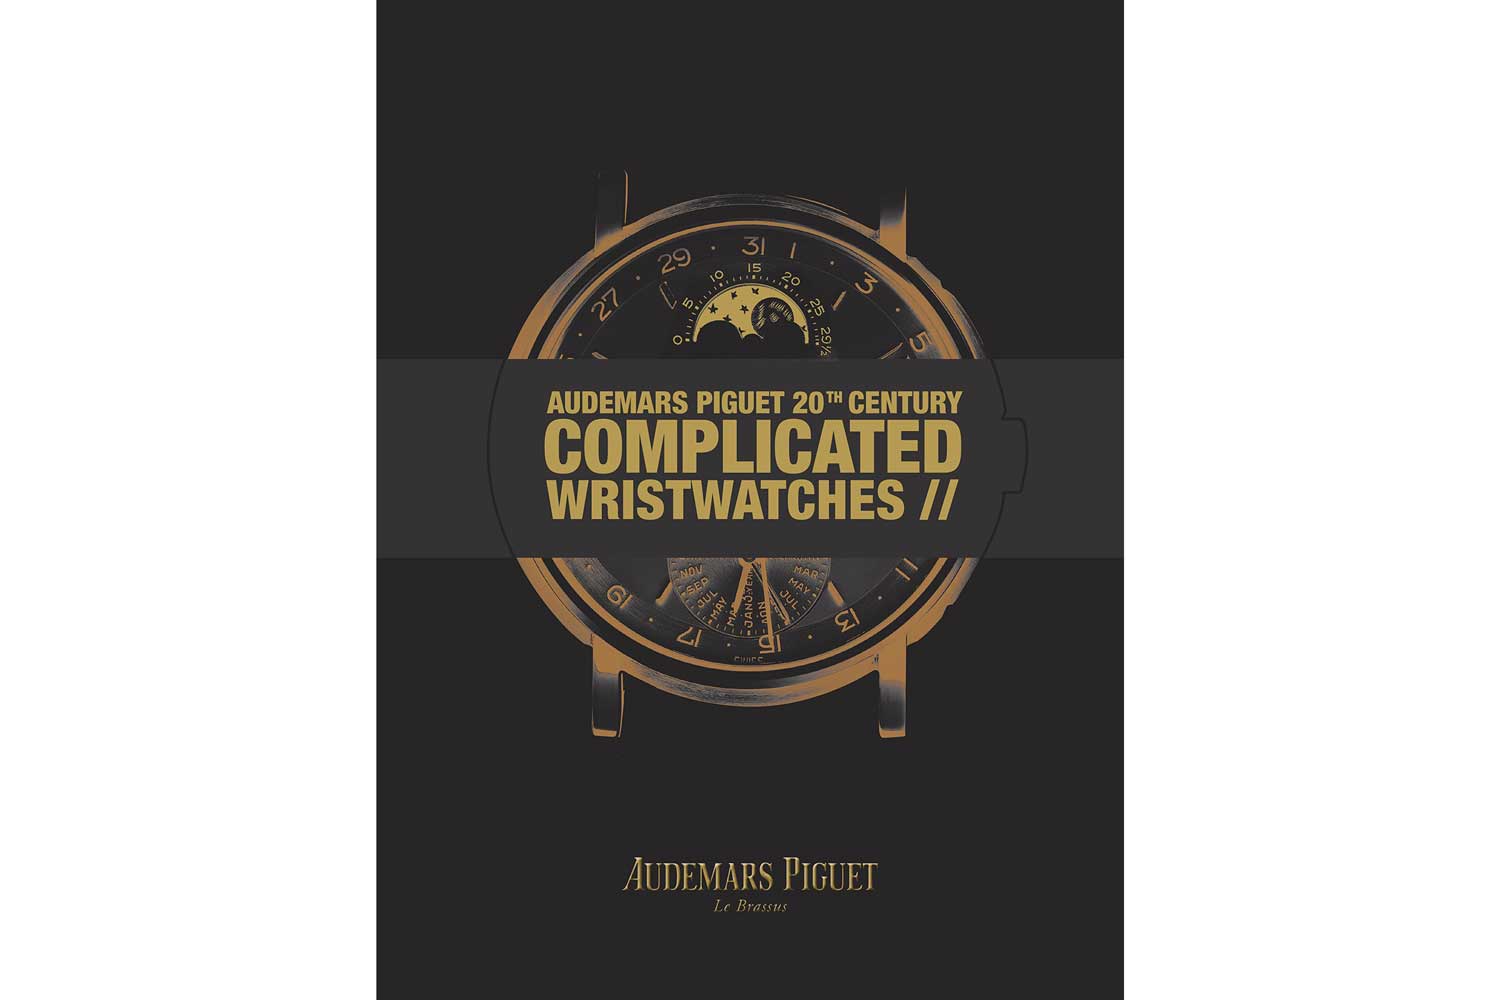 Cover of the
Audemars Piguet 20th Century Complicated Wristwatches, collective work by Audemars Piguet
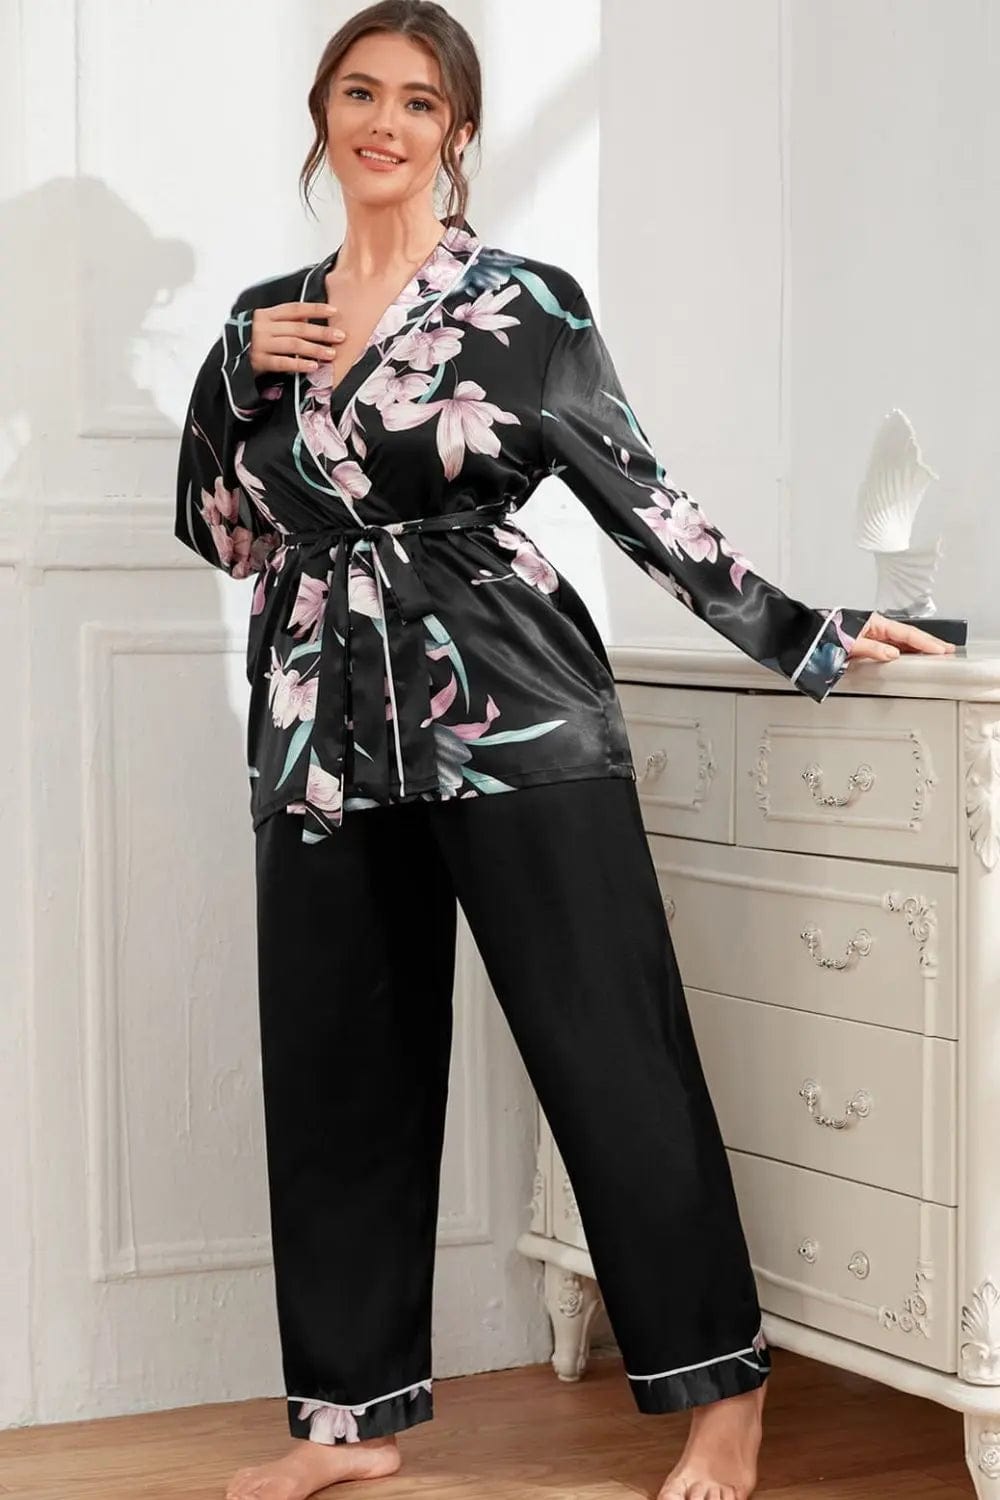 Plus Size Floral Belted Robe and Pants Pajama Set - CLASSY CLOSET BOUTIQUEPlus Size Floral Belted Robe and Pants Pajama Setloungewear plus100100798570977100100798570977Black1XL
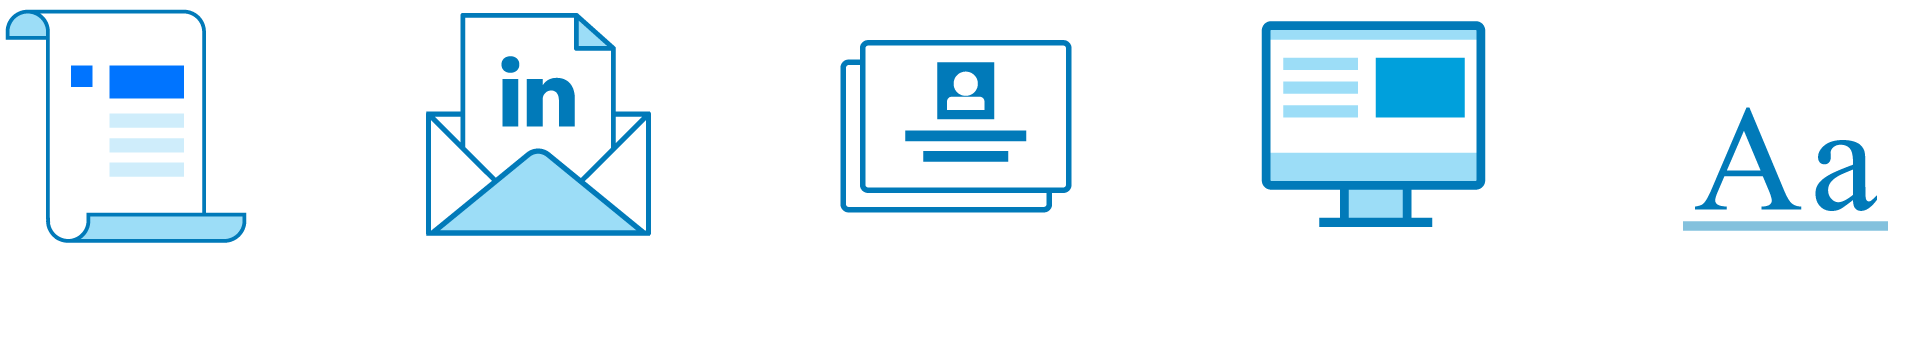 Linked In Advertising Options Overview PNG

● ● ● ● ● ● ●

What you will do
Take the line containing "Audemars Piguet 20th" and all lines after it to the end of the data above, and reproduce them exactly, leaving out pictures. Nothing else belongs in the copy.

Finished task
Audemars Piguet 20th Century Complicated Wristwatches, collective work by Audemars Piguet
 Plus Size Floral Belted Robe and Pants Pajama Set - CLASSY CLOSET BOUTIQUEPlus Size Floral Belted Robe and Pants Pajama Setloungewear plus100100798570977100100798570977Black1XL
 Linked In Advertising Options Overview PNG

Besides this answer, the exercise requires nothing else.